Any decision you make when it comes to securing digital evidence on scene has the power of making or breaking your department’s ability to recover evidence and build a case. The following are practices employed by experts like Elijaht digital forensics investigator for securing a computer, particularly ones that are powered ON and probably encrypted.
- Dealing with power, accessibility and encryption
The conventional way to secure the evidence is to unplug the device from the power source. This is done in order to avoid any unanticipated changes to data that may take place during a normal shutdown. But, the rise in the use of data encryption forces a small change to protocol. If the system is ON and accessible, then a few cursory checks need to be performed before encryption before you do anything else. If the hard drive is encrypted, then the data present on the drive is inaccessible to a forensic examiner without a proper password. So, if the system is ON, accessible and encrypted, you have the chance to access data on the drive that can be lost if you simply unplug the device. If you find the device encrypted, then consult a professional forensic examiner who can conduct a field analysis of the device.

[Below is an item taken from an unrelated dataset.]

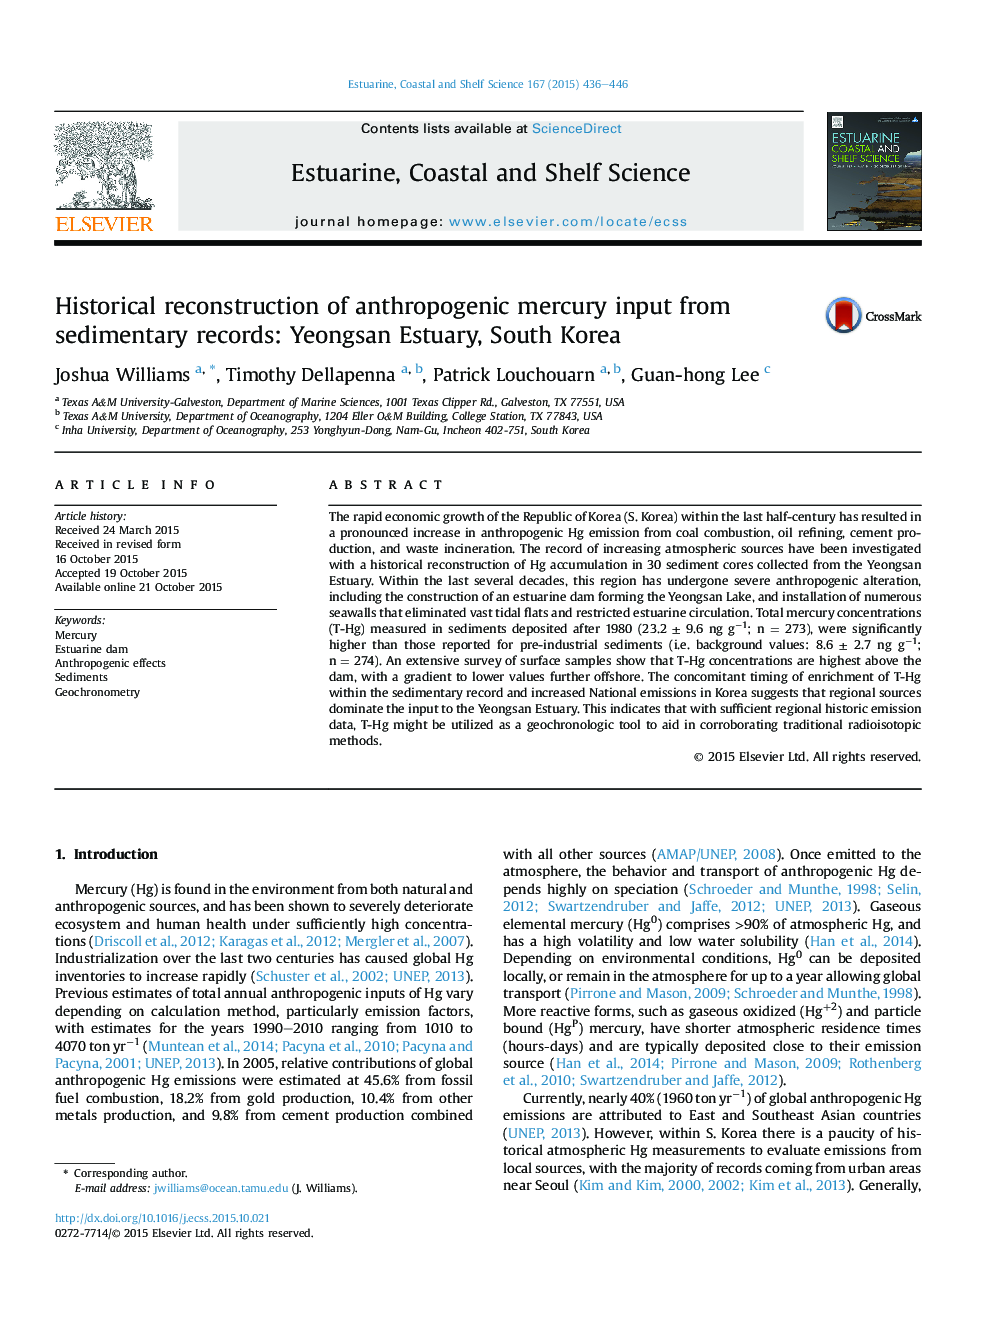 Historical reconstruction of anthropogenic mercury input from sedimentary records: Yeongsan Estuary, South Korea

- Finding out if the data is encrypted
Detecting full disk encryption on a system that is ON is fairly easy. It starts with determining the OS and version, as certain versions of the OS support full disk or full volume encryption schemes such as Windows BitLocker. This feature can be found on most modern versions of Windows and can be easily enabled by default on specific clean installs of Windows 8.1 Pro and higher. In order to check Windows BitLocker, you need to view the list of the computer’s hard drives. Go to Start > Computer or File Explorer. Then, check the list of storage media connected to the computer. The BitLocked drive bears a closed LOCK through the icon.
Pay close attention to the volume names. The presence of volume names like CRYPT, VAULT, LOCKED act as a clue that volume level encryption exists. If BitLocker is ruled out, then look for other encryption tools.
- Check the Desktop and closely inspect all desktop icons. Look out for programs named VeraCrypt, PGP, BestCrypt, TrueCrypt or FreeOTFE.
- Inspect your System Trap for icons related to FreeOTFE.
- Inspect the Program List for apps that are capable of providing encryption.Go to Start > Programs or Program Files folder in File Explorer. Seek names like VeraCrypt, PGP, Jettico, BestCrypt, Protector, Kremlin, Shredder, and anything that says Encrypt or Crypt. These programs signify an encrypted drive or volume.